Summary
Disclaimer: This summary has been generated by AI. It is experimental, and feedback is welcomed. Please reach out to info@qconsf.com with any comments or concerns.
The presentation titled Parting the Clouds: The Rise of Disaggregated Systems discusses the evolving architecture of cloud systems towards disaggregation. The speaker, Murat Demirbas, highlights the following key points:
- Shift in Cloud Architecture: Traditional cloud systems with shared-nothing designs are insufficient for modern cloud demands. Disaggregated systems decouple compute, storage, and logs to allow independent scaling, facilitate faster failover, and provide shared durable storage.
- Economic and Operational Motivations: The decoupling arises from economic needs, such as elastic scaling and fault isolation. Compute is costly and fluctuates rapidly, whereas storage is cheap and stable, prompting the need for separation.
- Technological Advances Enable Disaggregation: Improvements in high-speed networks and advanced networking technologies such as RDMA and CXL have made disaggregated systems feasible.

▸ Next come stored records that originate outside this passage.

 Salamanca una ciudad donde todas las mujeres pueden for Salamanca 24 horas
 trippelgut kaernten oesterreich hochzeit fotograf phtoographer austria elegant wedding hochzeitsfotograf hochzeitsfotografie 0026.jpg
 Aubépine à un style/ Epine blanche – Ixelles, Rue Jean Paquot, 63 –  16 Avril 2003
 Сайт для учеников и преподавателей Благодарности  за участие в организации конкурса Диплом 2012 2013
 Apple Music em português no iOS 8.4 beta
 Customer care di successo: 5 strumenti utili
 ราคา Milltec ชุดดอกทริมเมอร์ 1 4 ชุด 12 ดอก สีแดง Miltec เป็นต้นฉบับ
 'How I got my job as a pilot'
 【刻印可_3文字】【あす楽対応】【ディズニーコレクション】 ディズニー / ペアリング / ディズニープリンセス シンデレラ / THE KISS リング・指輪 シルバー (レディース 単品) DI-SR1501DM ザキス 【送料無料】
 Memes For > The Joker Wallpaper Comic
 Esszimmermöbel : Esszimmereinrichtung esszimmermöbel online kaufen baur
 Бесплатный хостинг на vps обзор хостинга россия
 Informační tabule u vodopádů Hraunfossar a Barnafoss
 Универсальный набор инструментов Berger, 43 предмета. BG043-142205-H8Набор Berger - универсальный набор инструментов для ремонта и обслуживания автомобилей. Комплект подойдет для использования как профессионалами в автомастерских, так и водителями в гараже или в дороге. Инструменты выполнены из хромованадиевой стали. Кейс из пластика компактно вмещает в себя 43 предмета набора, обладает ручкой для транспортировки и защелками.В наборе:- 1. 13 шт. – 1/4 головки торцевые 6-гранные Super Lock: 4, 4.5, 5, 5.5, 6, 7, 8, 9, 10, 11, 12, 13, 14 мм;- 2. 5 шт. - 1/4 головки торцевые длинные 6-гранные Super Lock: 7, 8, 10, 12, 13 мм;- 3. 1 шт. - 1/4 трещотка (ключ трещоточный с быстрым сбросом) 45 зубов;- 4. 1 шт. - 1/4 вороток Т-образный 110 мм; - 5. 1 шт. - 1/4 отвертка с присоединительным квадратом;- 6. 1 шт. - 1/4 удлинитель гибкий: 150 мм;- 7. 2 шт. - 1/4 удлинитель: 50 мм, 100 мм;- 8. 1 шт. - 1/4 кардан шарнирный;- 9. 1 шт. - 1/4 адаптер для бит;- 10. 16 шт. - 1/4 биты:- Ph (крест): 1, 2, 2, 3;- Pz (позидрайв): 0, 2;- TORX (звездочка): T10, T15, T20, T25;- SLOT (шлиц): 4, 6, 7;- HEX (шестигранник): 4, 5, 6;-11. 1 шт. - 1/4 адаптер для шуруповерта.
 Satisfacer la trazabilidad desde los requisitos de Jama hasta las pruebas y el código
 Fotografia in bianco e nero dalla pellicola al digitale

- Benefits of Disaggregation: These include elastic scalability, fault isolation, faster recovery, simplified operations, and customer cost benefits via pay-per-use models.
- Challenges and Design Trade-offs: Disaggregation introduces new challenges like latency, synchronization issues, and potential metastable failures. Innovative solutions such as prefetching, using faster fabrics, and intelligent caching are discussed as mitigations.
- Connection to Distributed Systems Principles: Modern disaggregated architectures draw on foundational ideas in distributed systems, such as Paxos, to separate roles and integrate fault tolerance natively.
- Future Directions: The talk concludes with an outlook on self-assembling databases that could auto-configure for workload shifts and leverage advances in AI and hardware specialization.
This is the end of the AI-generated content.
Abstract
Cloud systems are undergoing an architectural shift. Traditional shared-nothing designs struggle to deliver the elasticity, availability, and operational simplicity that the cloud demands. The new generation of cloud systems (Amazon Aurora, Microsoft Socrates, Google AlloyDB, Snowflake, S3 Athena, Neon) embrace disaggregation, and decouple compute, storage, and increasingly, logs. This separation allows independent scaling, faster failover, and shared durable storage across tenants, but it also brings new performance tradeoffs and system design challenges.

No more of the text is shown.